▸ **DATA SEGMENT**
┄┄┄┄┄┄┄┄┄┄

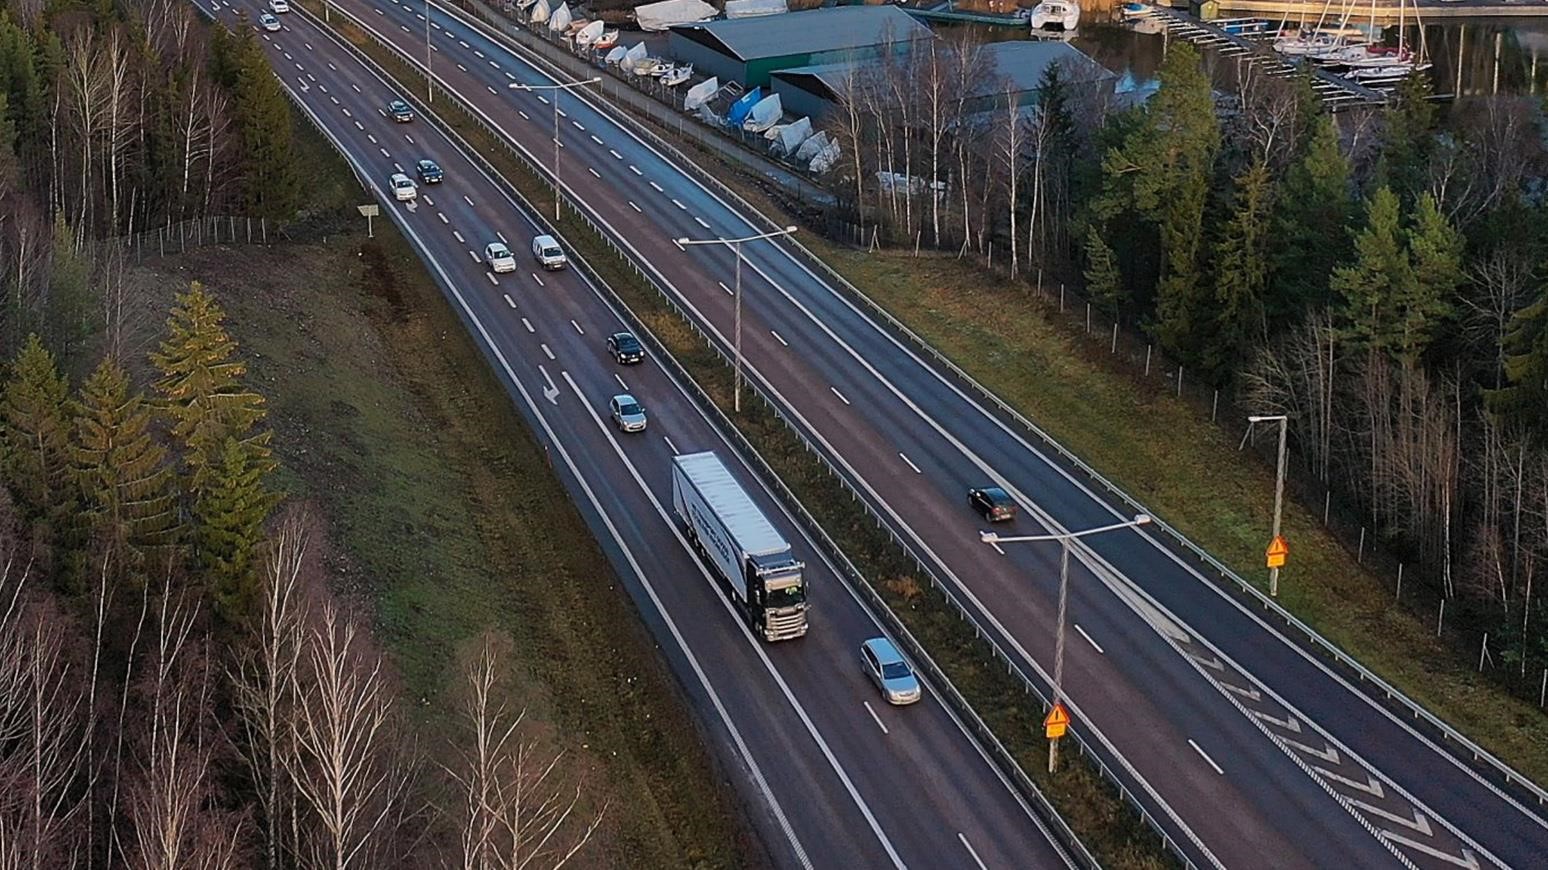 Scania’s Self-Driving Truck Testing Extends To All Roads Between Södertälje & Jönköping
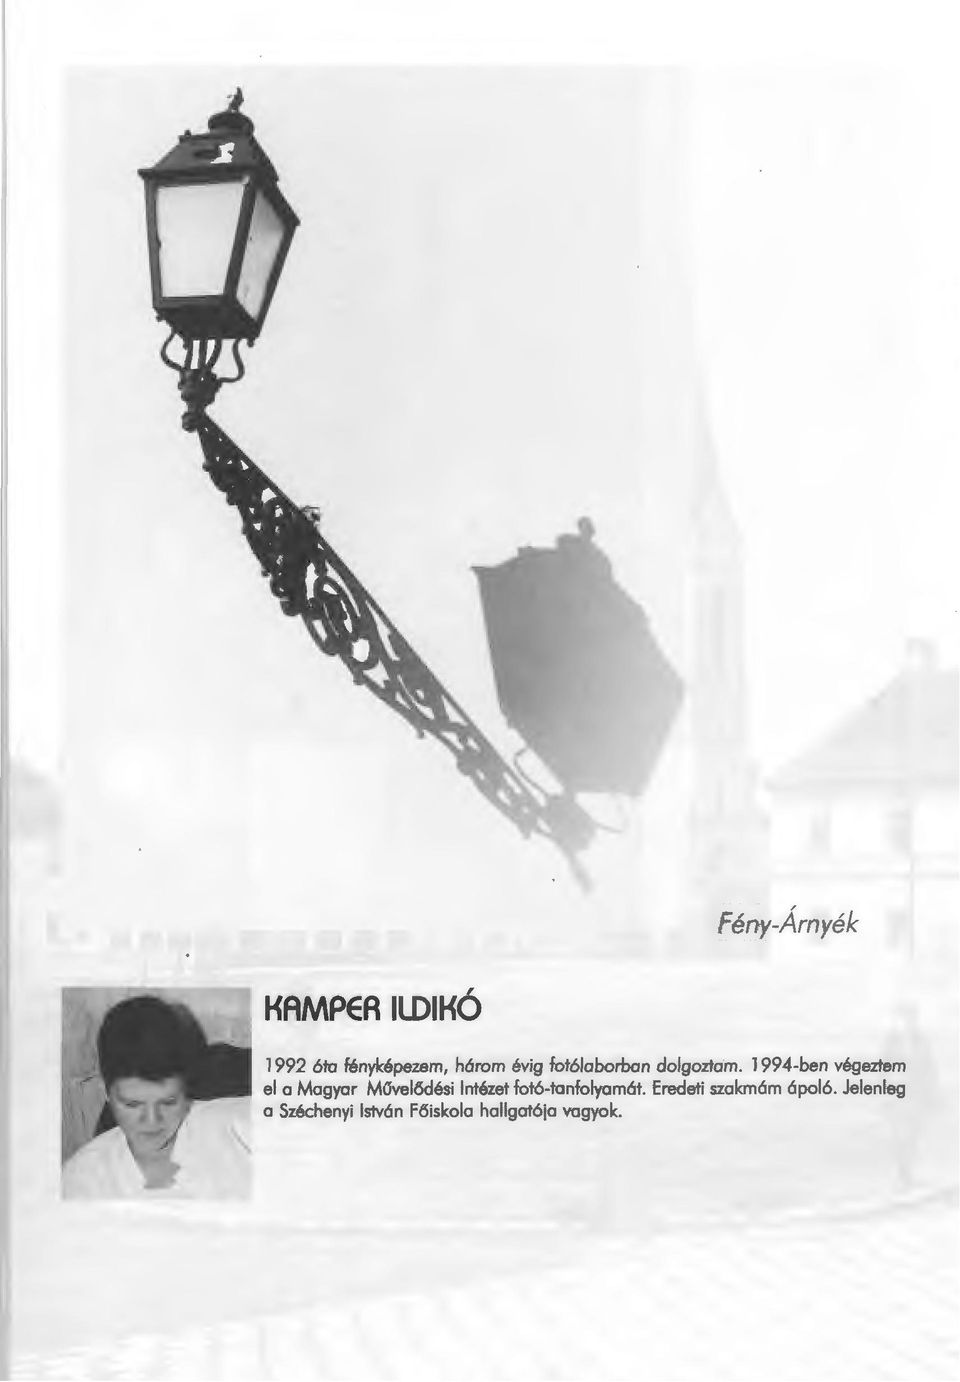 1994-ben vegeztem el a Magyar Mavel5desi lntezet
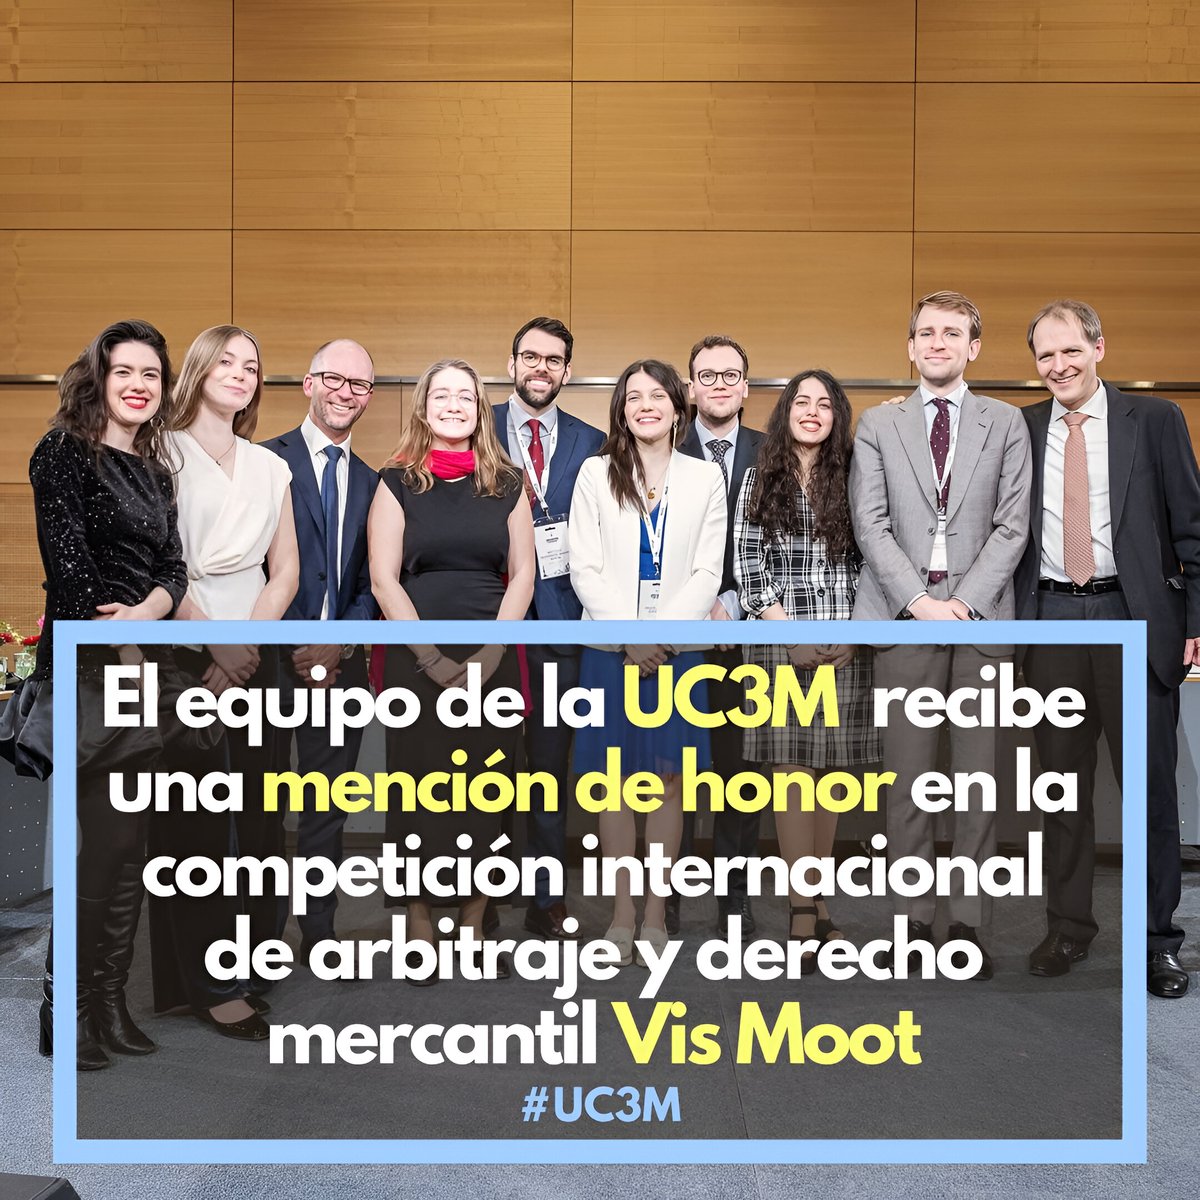 El equipo formado por estudiantes UC3M se ha posicionado entre los mejores equipos en la competición internacional de arbitraje y derecho mercantil Vis Moot. Unos días antes, en el ICC Vis Pre-Moot de París, una competición previa y asociada, se proclamó campeón. ¡Enhorabuena!

┄┄┄┄┄┄┄┄┄┄

▸ **EXERCISE GOAL**
Output all data exactly, omitting images.

▸ **RESULT OF THIS TASK**
 Scania’s Self-Driving Truck Testing Extends To All Roads Between Södertälje & Jönköping
 1994-ben vegeztem el a Magyar Mavel5desi lntezet
 El equipo formado por estudiantes UC3M se ha posicionado entre los mejores equipos en la competición internacional de arbitraje y derecho mercantil Vis Moot. Unos días antes, en el ICC Vis Pre-Moot de París, una competición previa y asociada, se proclamó campeón. ¡Enhorabuena!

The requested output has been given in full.